3. Large-scale spontaneous protests erupt in Israel in the wake of Prime Minister Benjamin Netanyahu firing his defense minister.

4. The European Parliament approves a ban on the sale of new petrol and diesel vehicles in the European Union from 2035 to combat climate change and promote electric vehicles.

5. The 2023 Chinese presidential election is held with Xi Jinping being unanimously re-elected for a third term.

6. Economist and former deputy prime minister Tharman

#######

Q: When and what important scientific discoveries or breakthroughs occurred in 2023?
A:  In March and April of 2023, the first AI Safety Su

## Comparison of Basic and Custom Responses

In [99]:
print(f"Q: {questions[0]}")
print("\n#######\n")
print("Basic Response:")
print(f"A: {before_customization_responses[0]}")
print("\n#######\n")
print("Custom Response:")
print(f"A: {custom_responses[0]}")

Q: What were the major political events in 2023?

#######

Basic Response:
A: It is impossible to accurately predict all major political events in 2023, as the political landscape is constantly changing. However, some potential events that could occur in 2023 include:

1. Presidential elections in various countries, including the United States, France, Germany, and Russia.

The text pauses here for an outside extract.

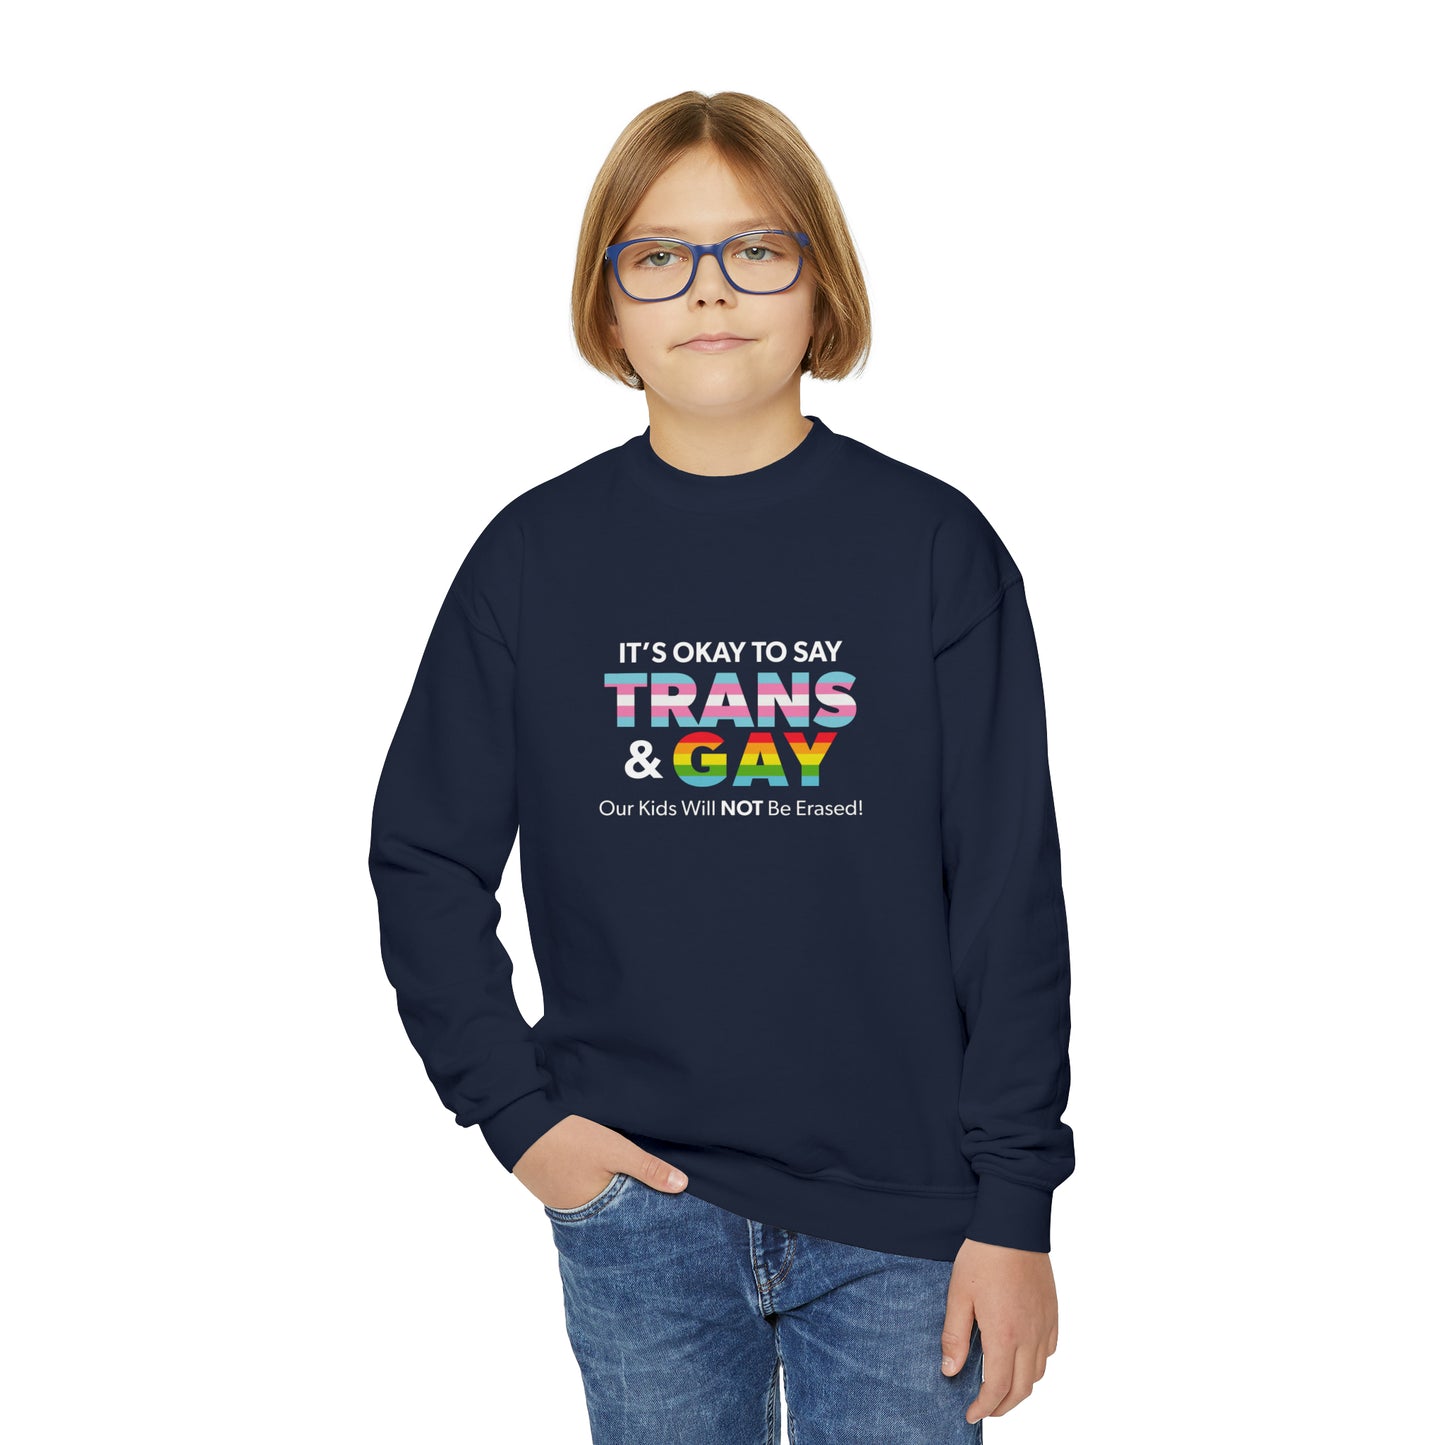 "It’s Okay to Say Trans & Gay" Youth Sweatshirt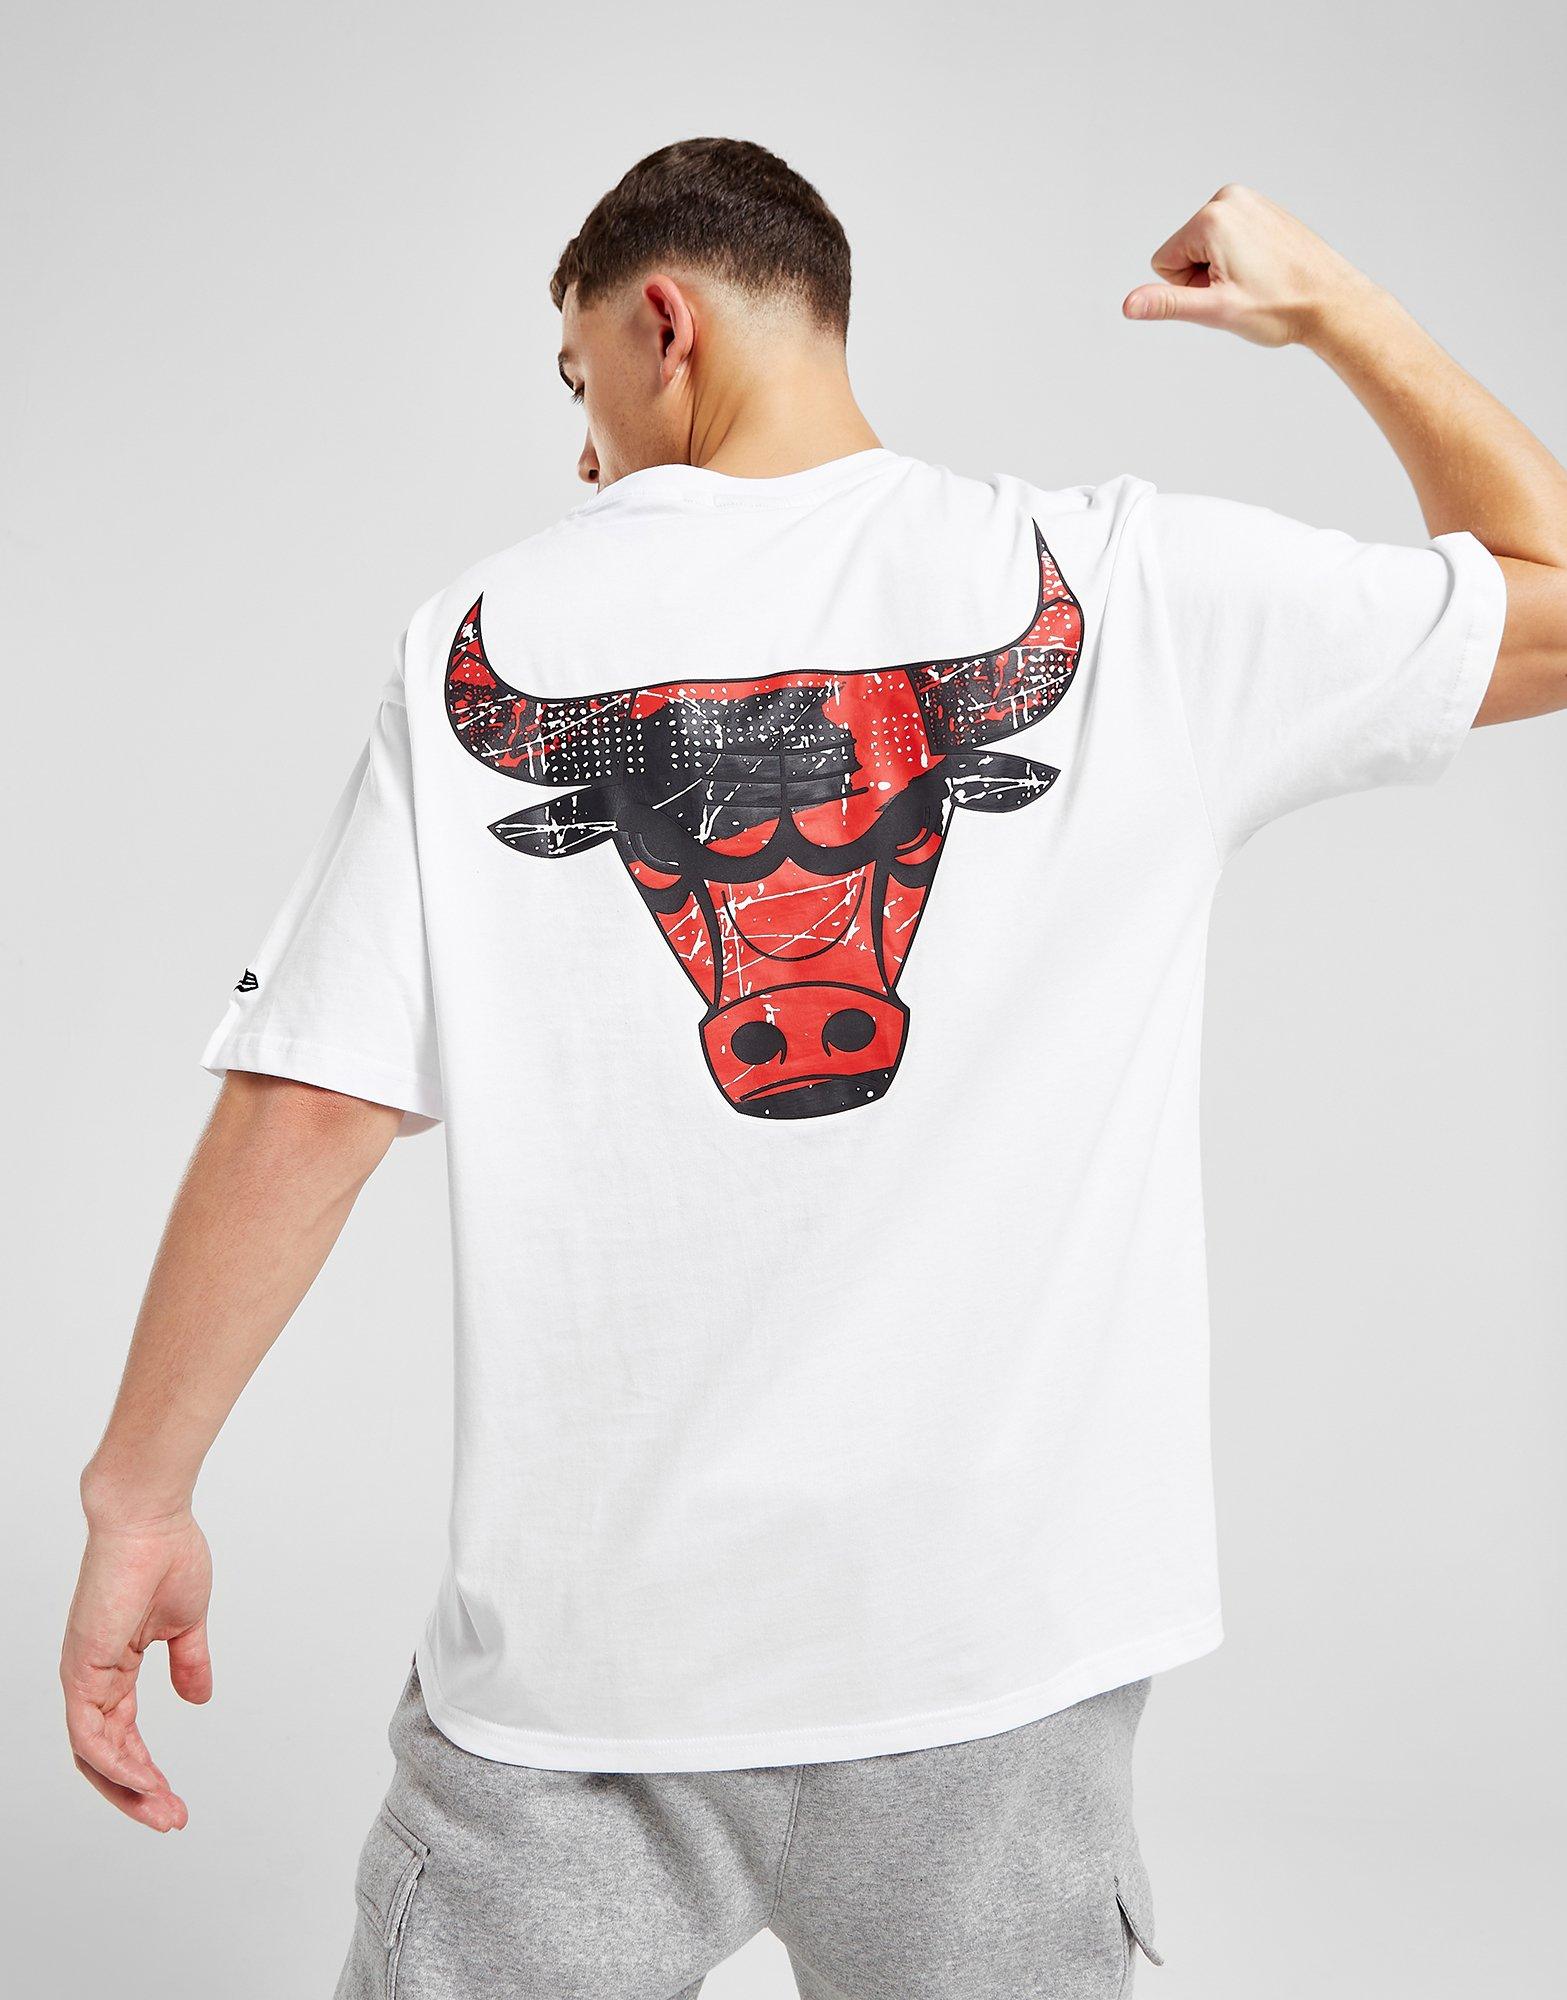 New Era NBA Chicago Bulls oversized mesh t-shirt in white with logo print

2. Continued Brexit negotiations between the United Kingdom and the European Union.

3. Potential further escalation of tensions between the United States and North Korea, as well as ongoing diplomatic efforts to denuclearize the Korean

#######

Custom Response:
A: 
1. The first AI Safety Summit took place with 28 countries signing an agreement on how to manage the riskiest forms of artificial intelligence.

2. SAG-AFTRA announces a strike against major film and TV studios in protest of low compensation, ownership of work, and generative AI.

3. Large-scale spontaneous protests erupt in Israel in the wake of Prime 

The improvements in the chatbot's responses due to the incorporation of detailed information from the Wikipedia article on 2023. This shows how customizing the data source can significantly enhance the chatbot's performance and relevance to user queries.